One million patient’s y’all.   That’s a ton of damage to the people entrusted to our care.  We can continue to ignore it or we can work to heal patients both emotionally and physically.  Enjoy the article and let me know what you think.  Check out the facebook page as well.

 

When Harm in the Hospital Follows You Home

by Olga Pierce ProPublica, March 21, 2013, 2:30 p.m.

“How is it possible to move past medical harm when every single aspect of life is impacted by it ” when absolutely everything a person believed about doctors, lawyers, oversight agencies, insurance companies is turned upside down and inside out?”  Robin Karr, patient harm survivor

A slip of the scalpel, an invisible microbe, a minute miscalculation. It’s estimated that something goes wrong for more than one million people per year during a visit to the hospital. Some patients experience a full physical recovery. Some are never fully healed.
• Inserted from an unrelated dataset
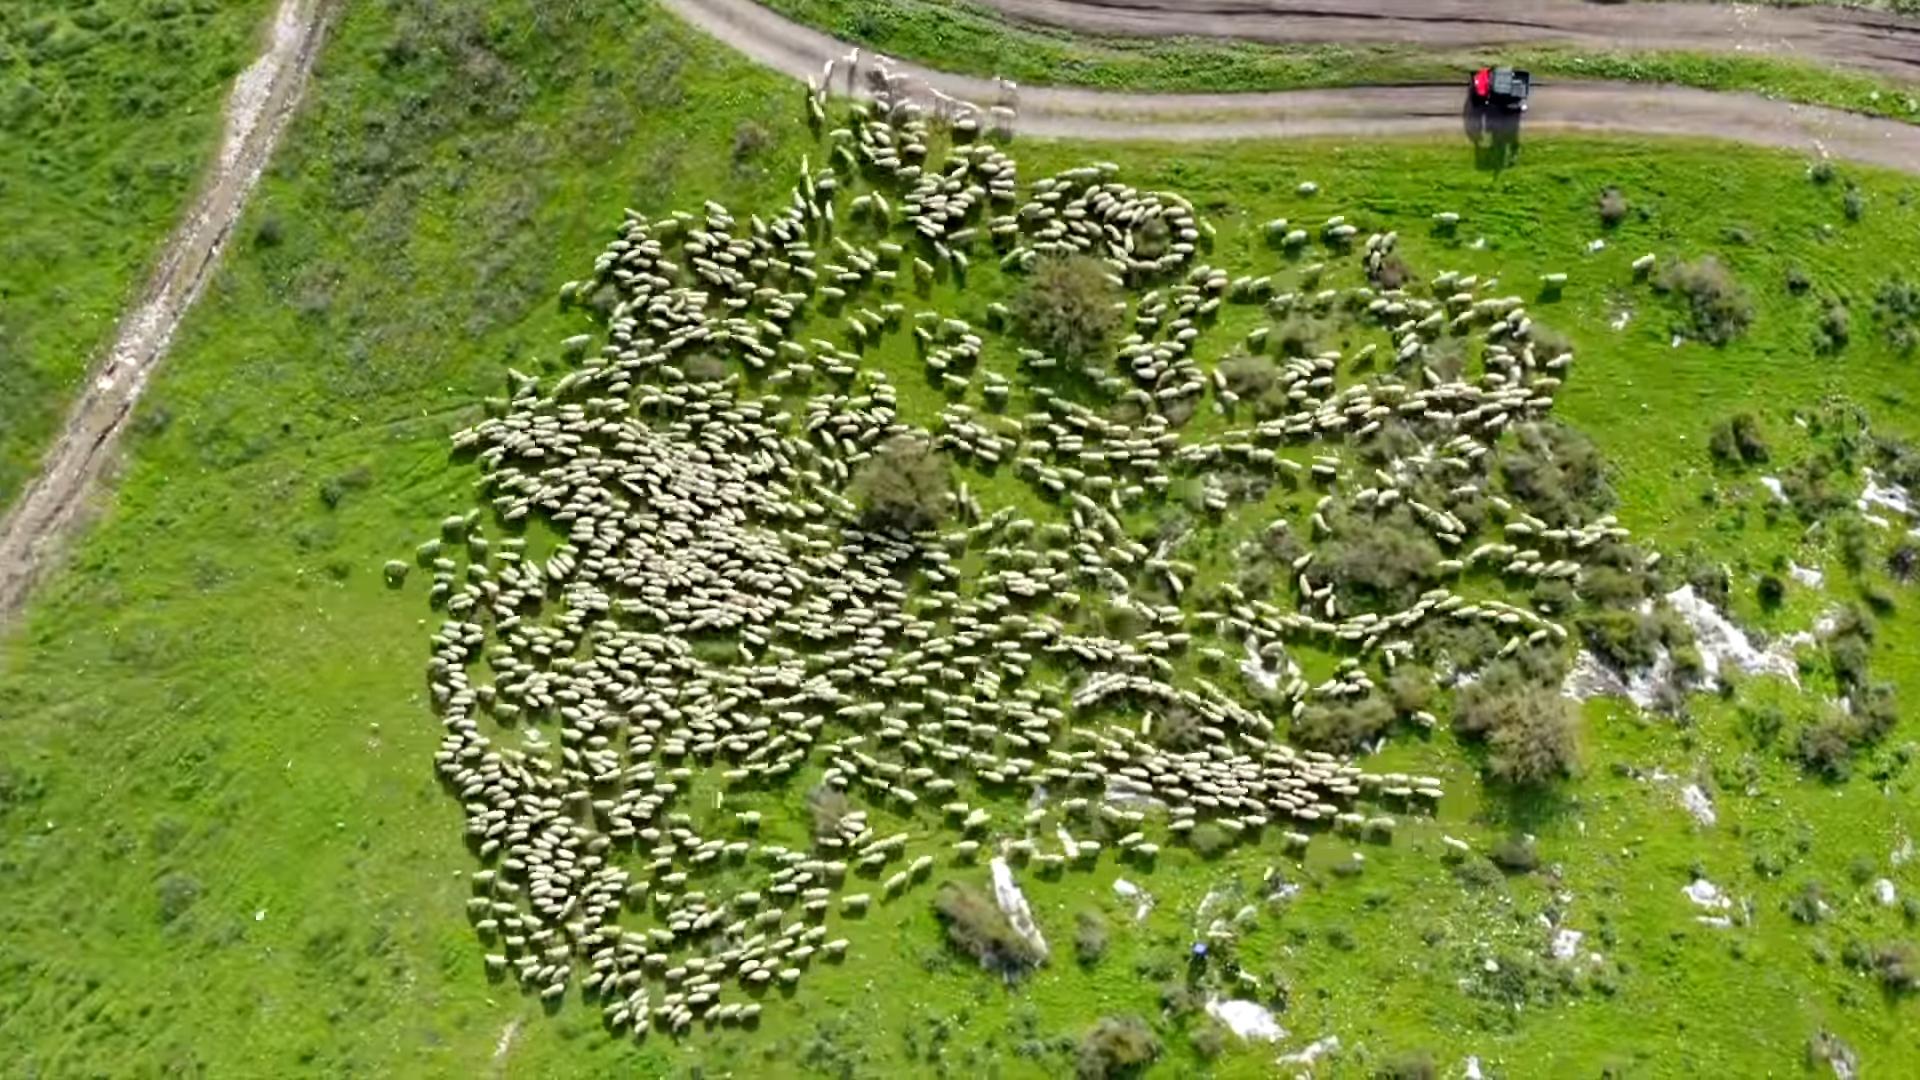 Видео дня. Израильский фотограф семь месяцев снимал стадо овец с дрона, и вот что получилось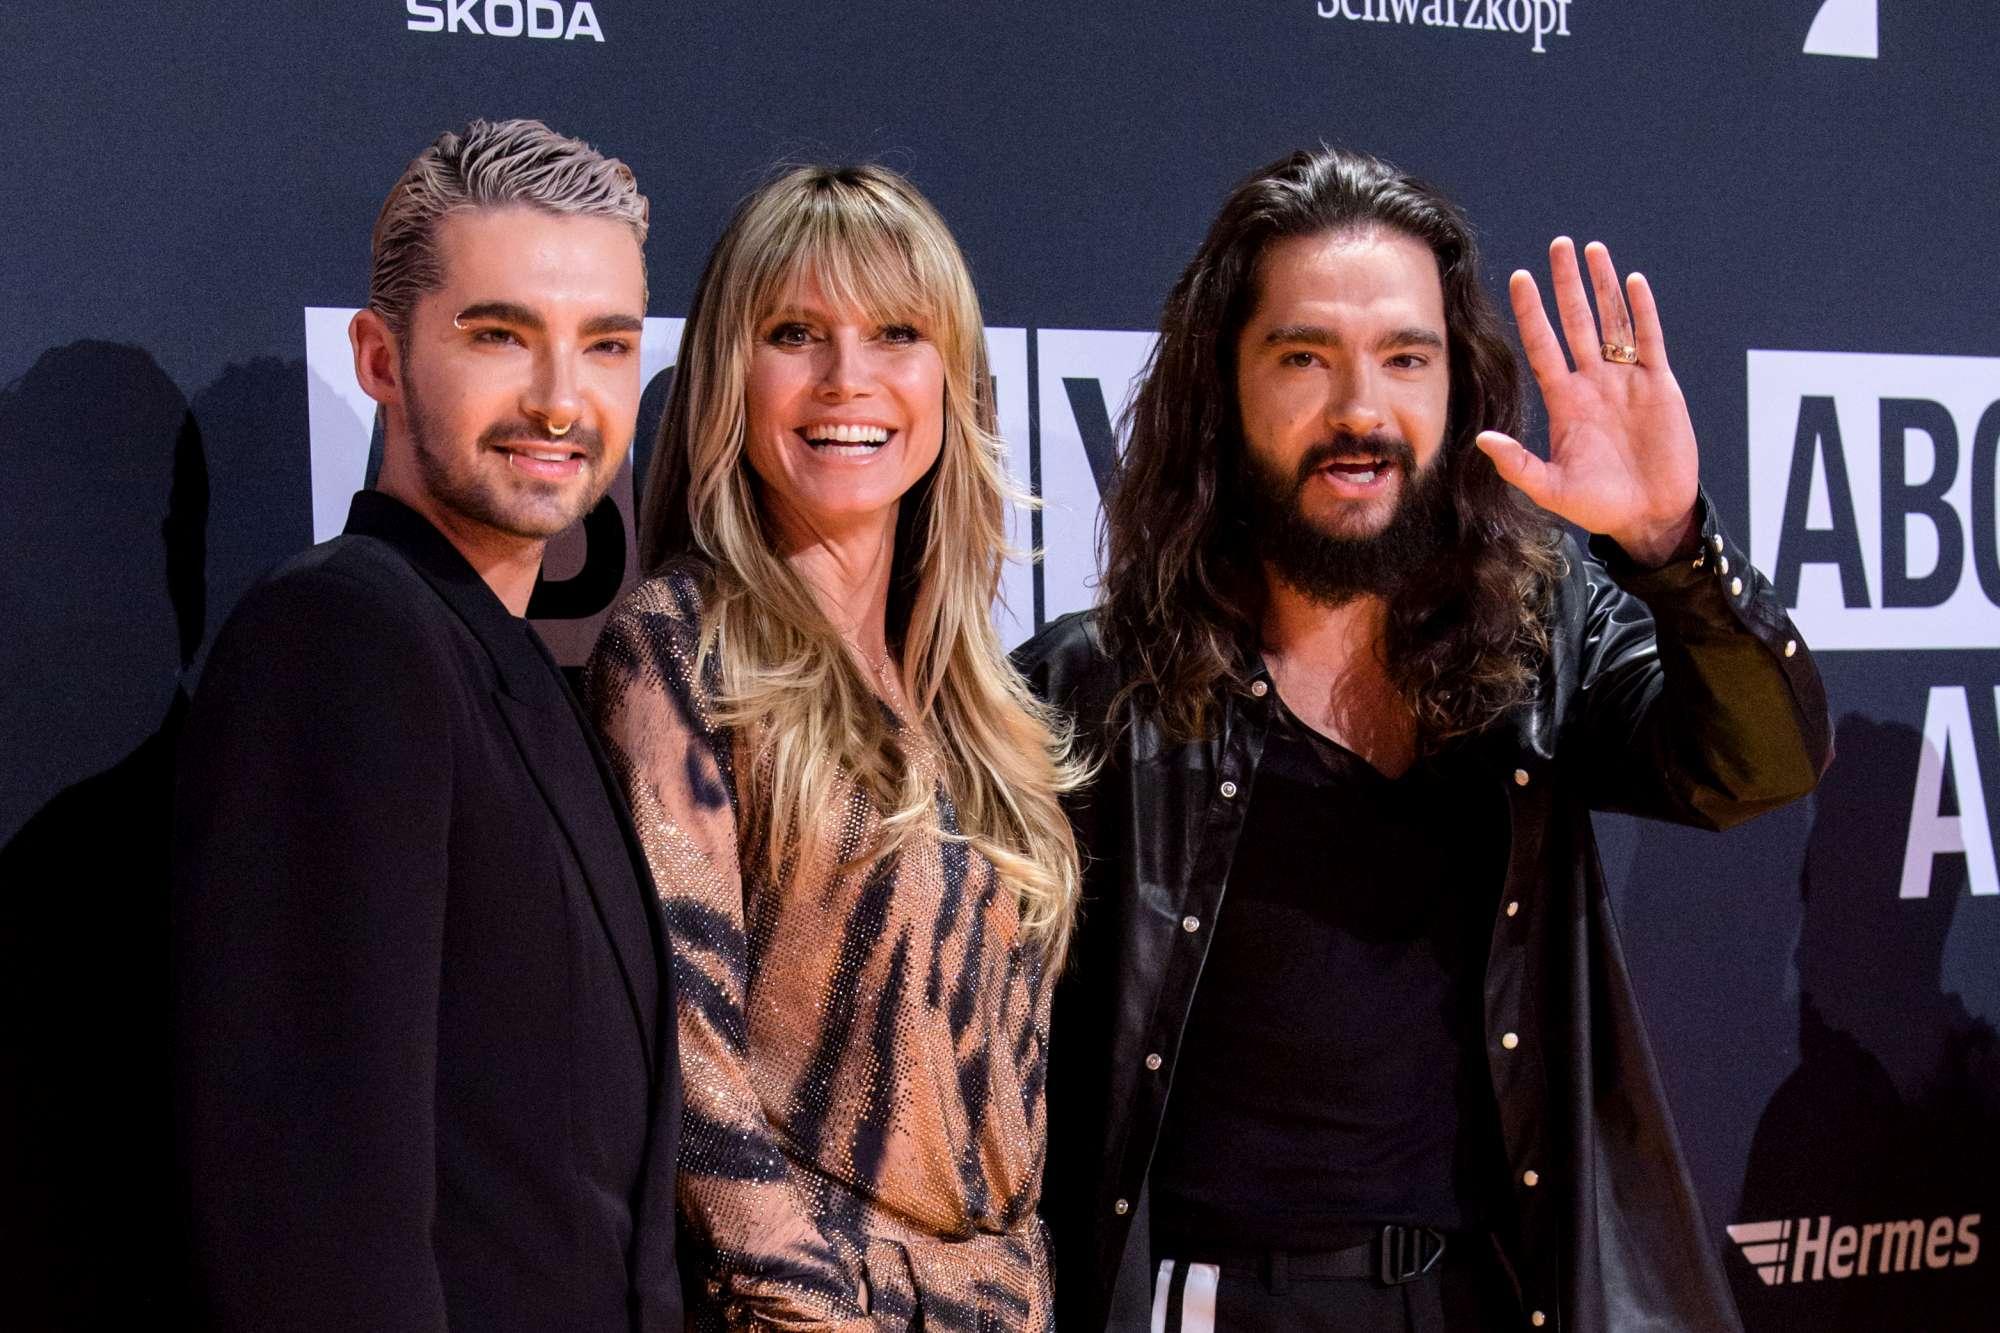 Heidi Klum, tigre scatenata con il fidanzato Tom Kaulitz

But even if patients are lucky enough to physically heal, their lives may never be the same. Sleep becomes elusive, relationships break apart, and a wall of silence appears between patients and the doctors they trusted.

What follows is a conversation of sorts between some of the 1,550 members of our ProPublica Patient Harm Facebook community and Dr. Gerald Monk, a professor at San Diego State University who specializes in dealing with the aftermath of patient harm for both patients and providers. We asked group members to share their questions and thoughts about the aftermath of patient harm, and then got Monk’s response. What emerges is a portrait of the long journey that begins after the unthinkable happens.

Monk’s comments are not a substitute for treatment by a mental health professional. They have been edited for clarity and length. Each quote in italics comes from a member of ProPublica’s Patient Harm Facebook group.

PP: What symptoms can survivors of patient harm expect?

“I find I think about what happened day and night.”   KariAnn Syna 

“Survivors have “very real PTSD symptoms, including avoidance, difficulty sleeping, etc.” Debra Van Putten

“I experience ‘flashbacks.'”  Georjean Parrish

Dr. Monk: The psychological symptoms are similar to those people suffer when exposed to physical, sexual and psychological violence. What all these things have in common is that they take place in settings where we reasonably anticipate that we will be safe and secure. We tend to believe the maxim that the doctor will do no harm.

The symptoms can be physical, such as headaches and sleeplessness; or psychological, like depression, anger, guilt and being vulnerable to drug abuse.  Patients can even blame themselves. A survivor of harm surely knows others that have had the same medical procedure without suffering harm, and so they can feel they somehow contributed to the error because they were at the wrong place at the wrong time with the wrong health care provider.

PP: Many group members expressed feelings of betrayal by the health professionals and authorities they thought were there to protect them. What phenomenon are they experiencing?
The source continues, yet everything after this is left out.